O mais inacreditável é que gosto de conduzir. Gosto da sensação de liberdade e, acima de tudo, gosto da sensação de adrenalina e coragem que sinto sempre que pego no carro. Sim, eu sei, para os condutores diários, pegar no carro é tão automático como tomar banho ou lavar os dentes, mas para mim, que estou a anos luz de conduzir como um expert, conduzir é todo um ato consciente e de alerta máximo. São muitos estímulos, a atenção é redobrada e canso-me com mais facilidade por isso mesmo. Sempre que me sento no lugar do condutor e ponho o carro a trabalhar, sinto que estou a enfrentar um desafio e, como tal, surge a adrenalina, o receio, o nervosismo, mas também a coragem e resiliência.
Mais do que querer conduzir autonomamente e sozinha, eu quero, acima de tudo, permitir-me falhar. Quero trabalhar esta relação tóxica que tenho comigo mesma, na qual me cobro demasiado, exijo de mim aquilo que jamais exigiria de outro alguém. Quero ser uma boa condutora, mas para o ser sei que preciso de ser paciente comigo mesma, tenho de ser compassiva e estar recetiva a falhar. E compreender que para se ser bom é quase imperativo e obrigatório ser-se mau. O nível de expert advém da experiência que, por sua vez, advém de muita prática. Uma prática consistente, que não se limita aos dias bons e a quando apetece, mas que se expande a todos os dias, mesmo que seja só um bocadinho.

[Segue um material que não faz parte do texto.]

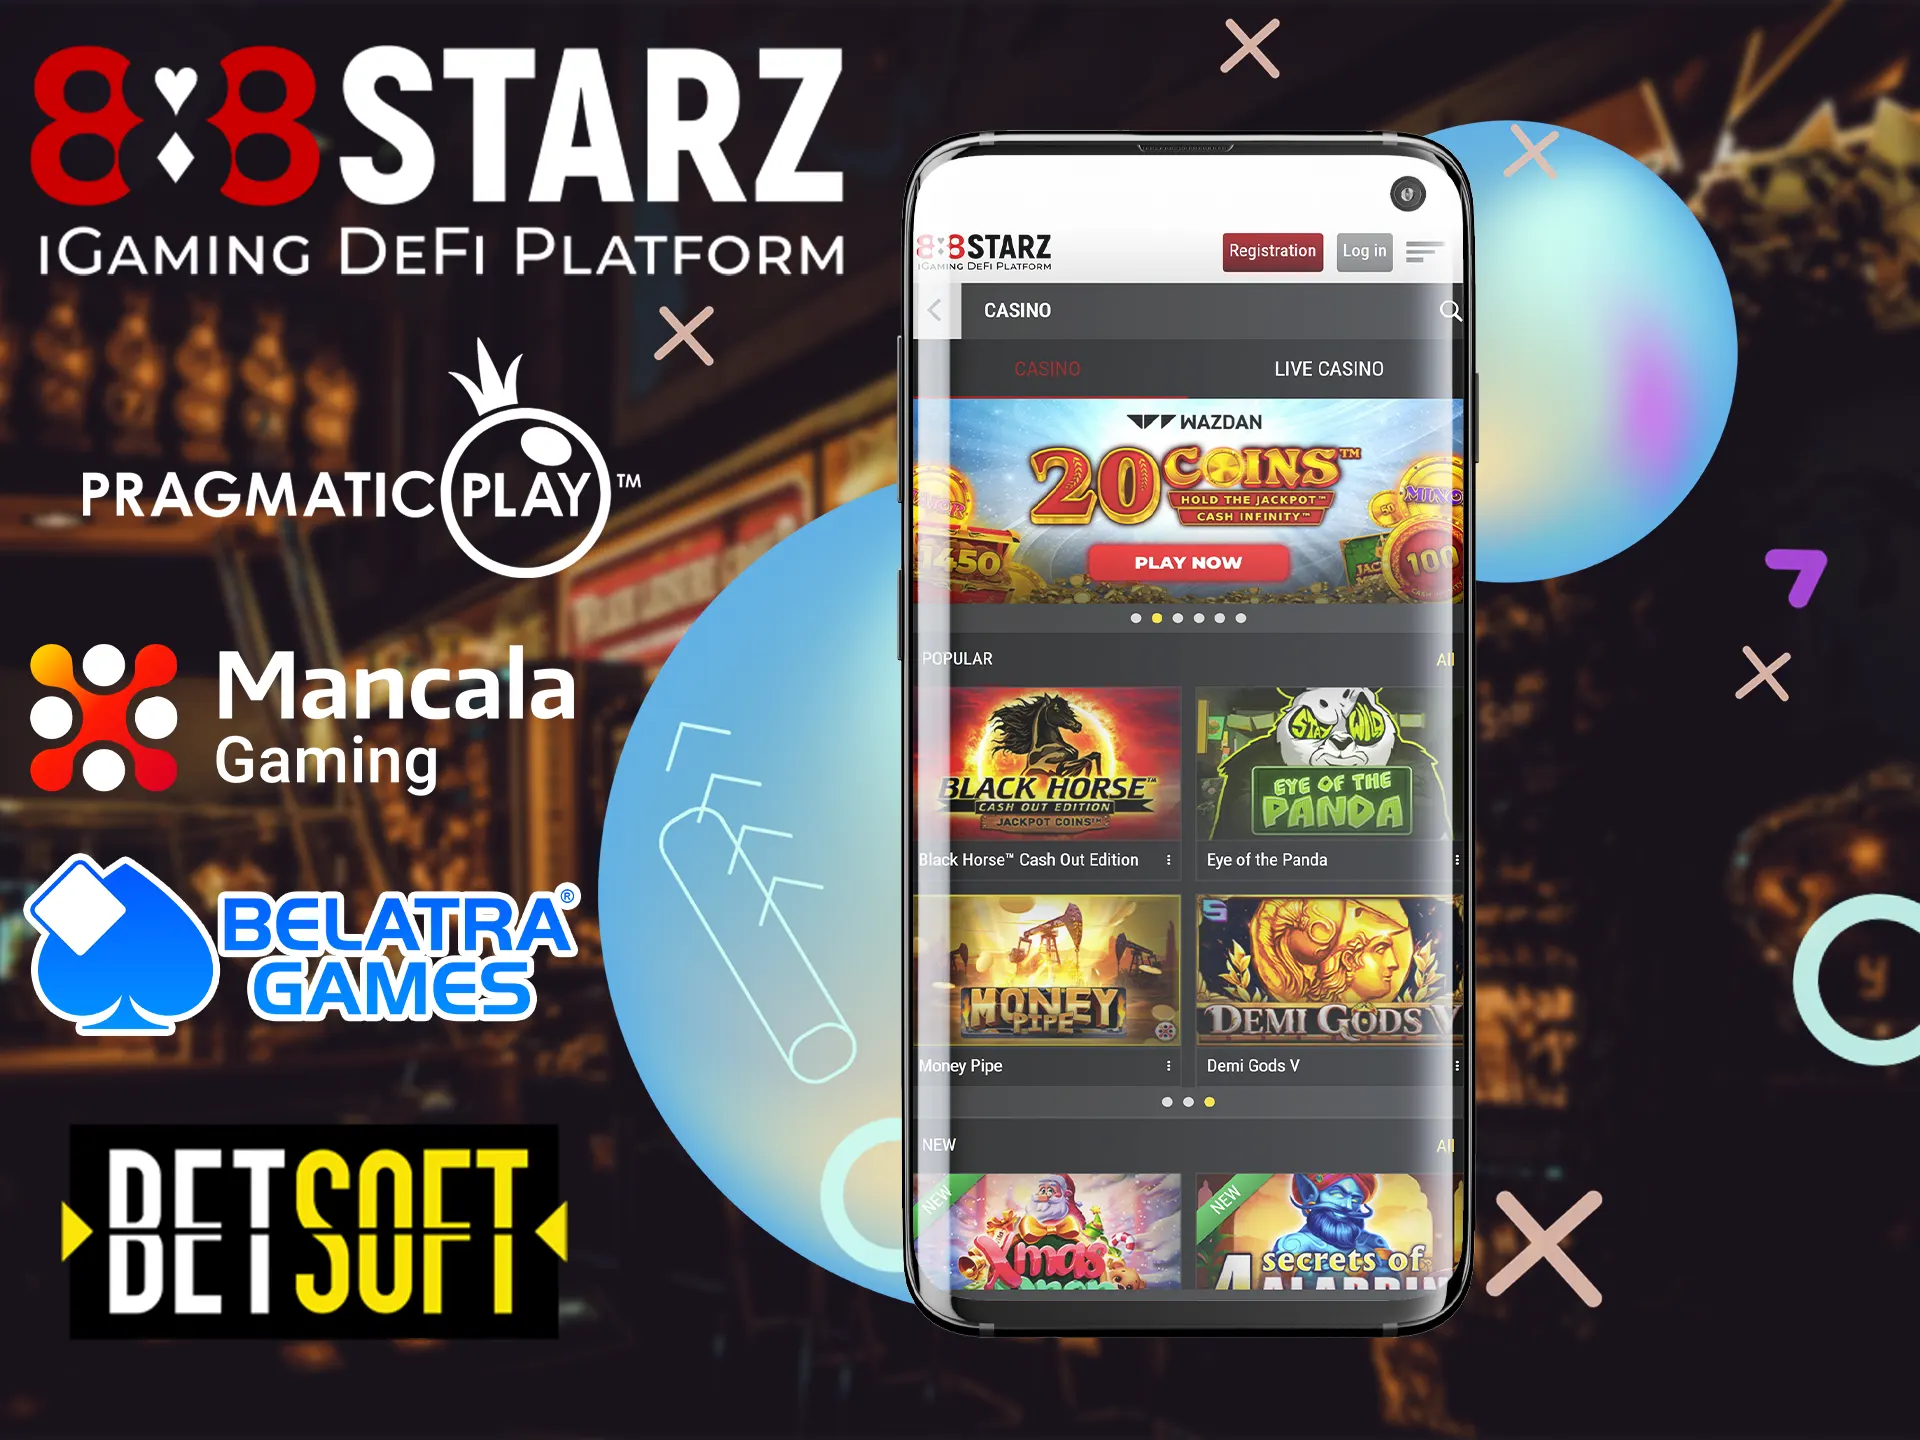 At 888starz сasino, you will only find quality service providers to maximize your gaming experience.

Porque eu quero ter o meu carro, quero ter a minha total e completa liberdade e independência, de não precisar de ninguém para ir onde quiser, quando quiser. Quero sentir que sou capaz, que consigo conquistar os meus medos e que consigo fazer do fracasso uma oportunidade de crescer e me tornar melhor. Quero tratar-me com a mesma tolerância, compreensão e cuidado como trataria a minha família e amigos. Quero respeitar o meu tempo, respeitar-me a mim mesma e perceber que o mundo não acaba por o carro ir abaixo ou por não estacionar bem à primeira. Não faz mal recomeçar e tentar as vezes que forem necessárias.

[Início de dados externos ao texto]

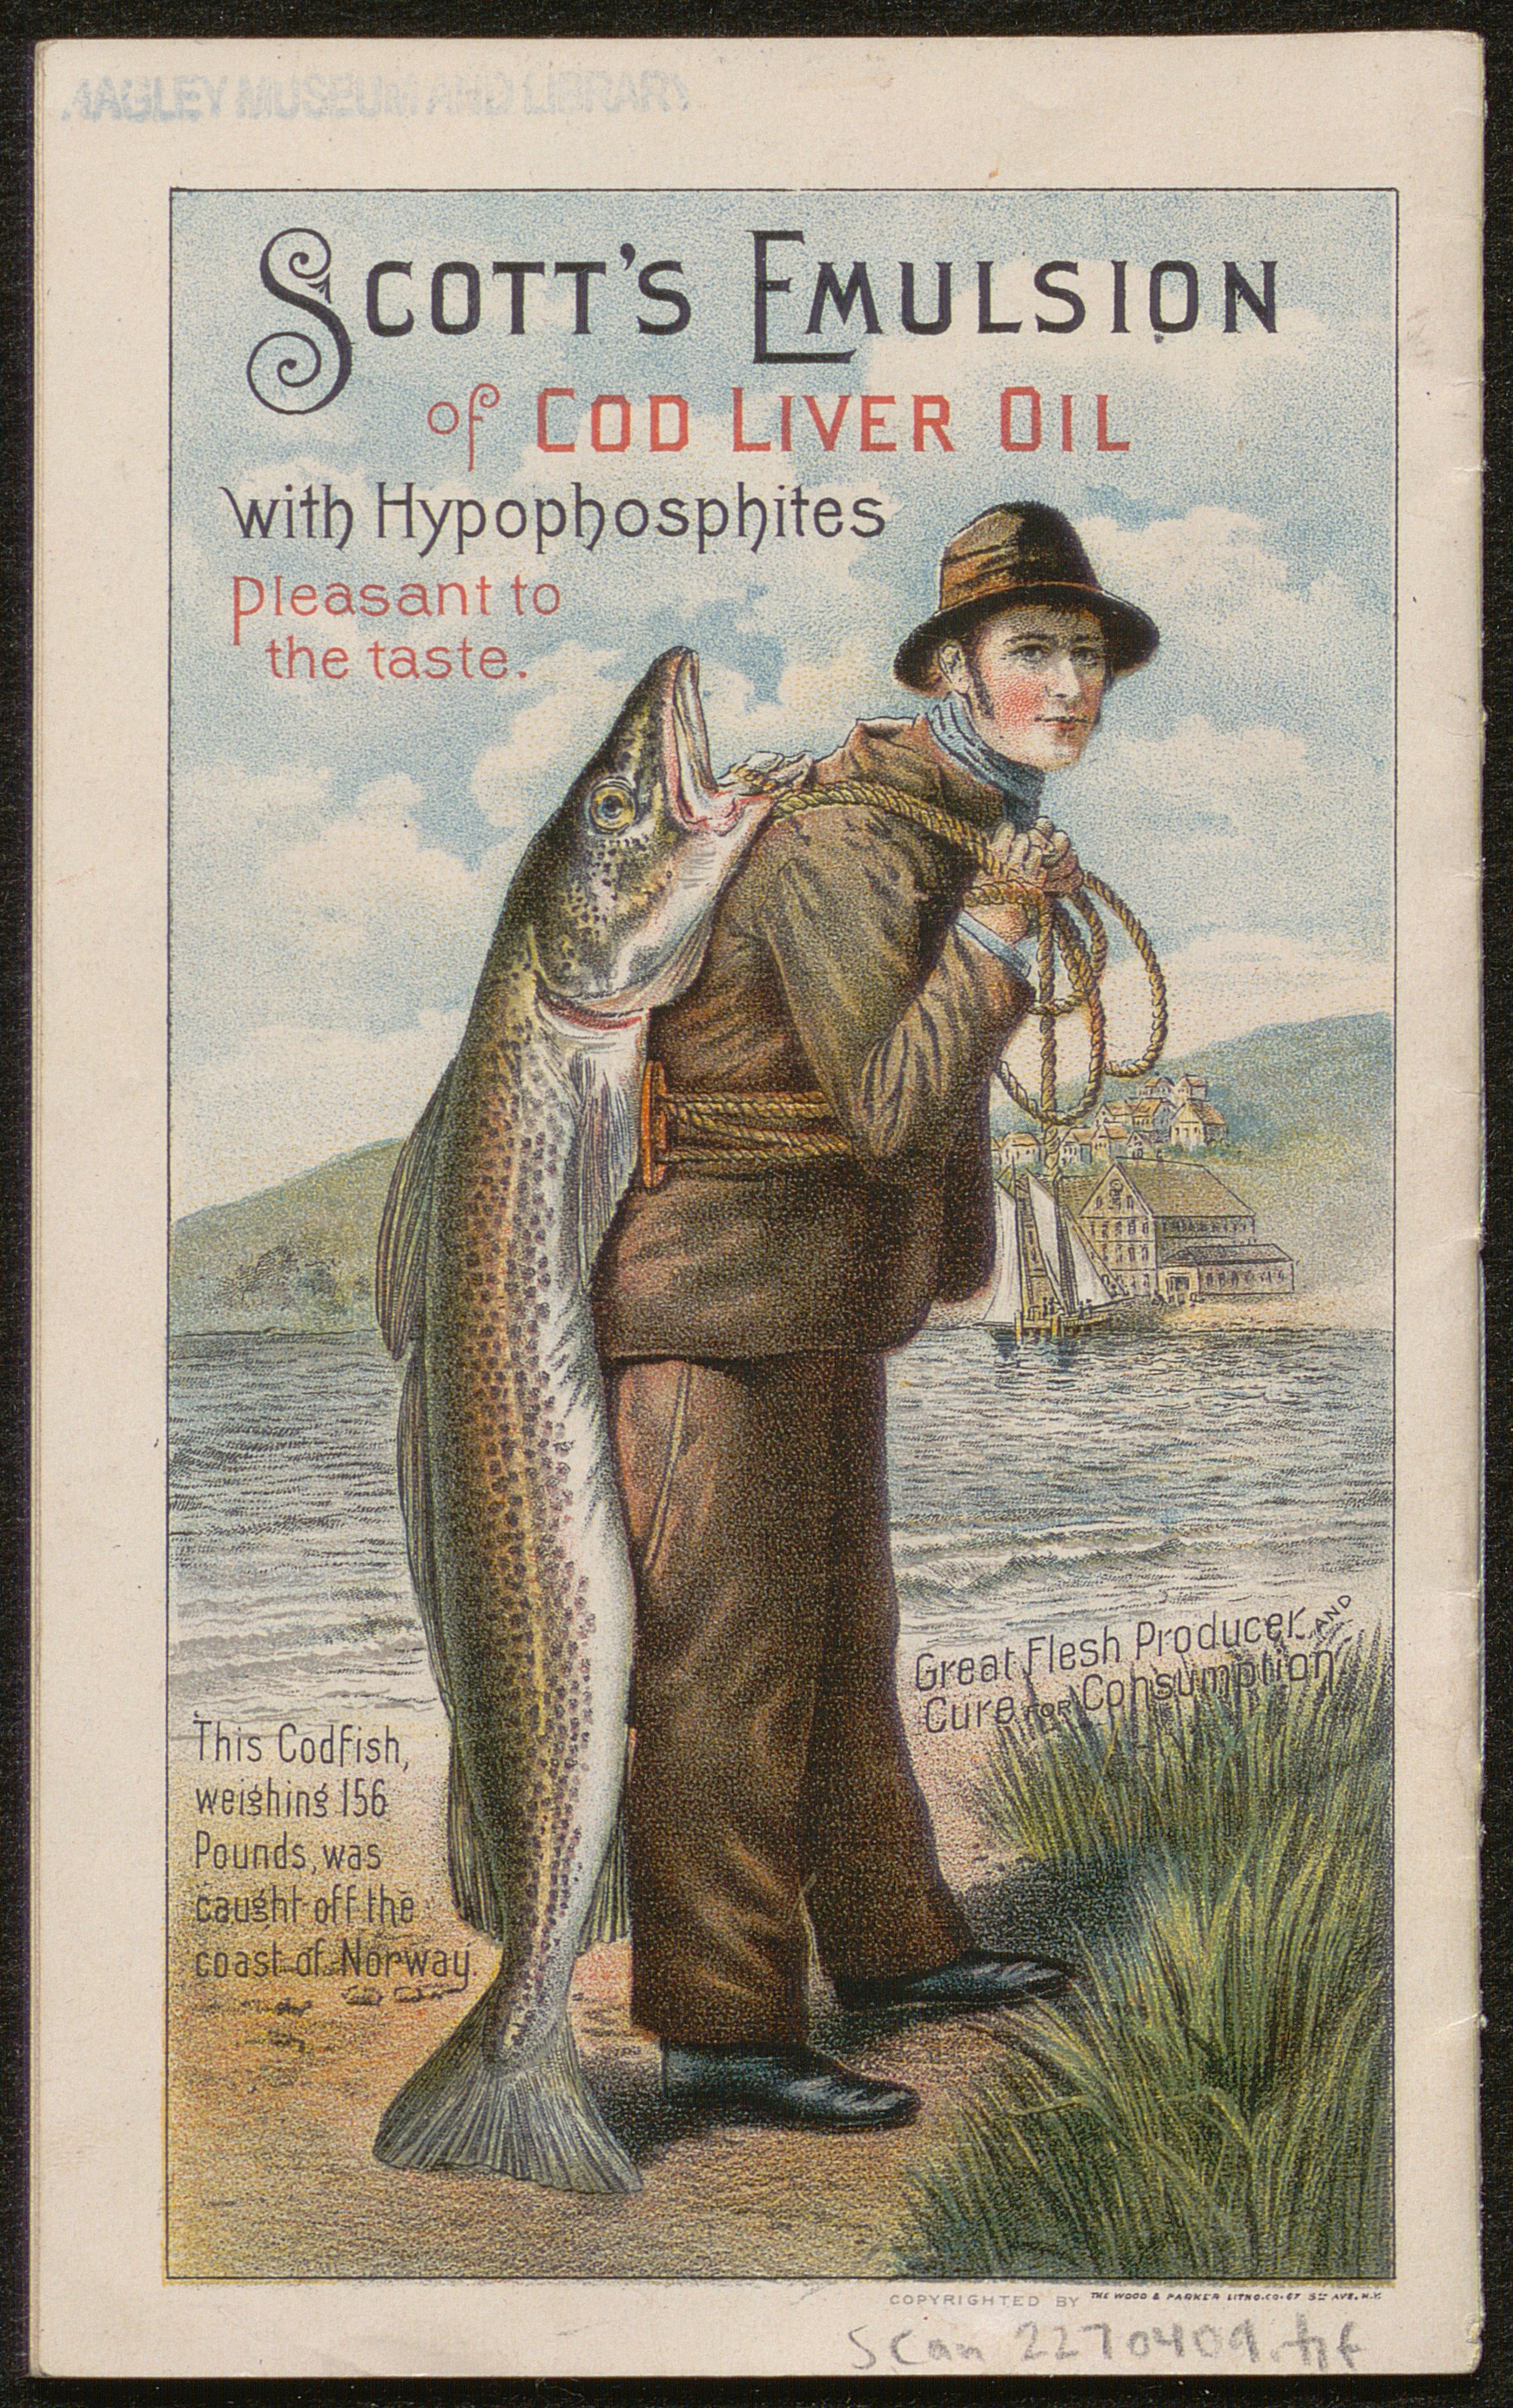 Advertisement for cold liver oil. Illustration of a man carrying a very large codfish on his back.

Este é um dos meus objetivos para este ano e espero, genuinamente, conseguir alcançá-lo. Creio que já perdi demasiado tempo, que poderia ter utilizado em inúmeras viagens. Todo o tempo que perdi a fugir, a evitar, a esconder-me foi tempo que poderia ter canalizado para treinar, praticar e ganhar a tão desejada experiência.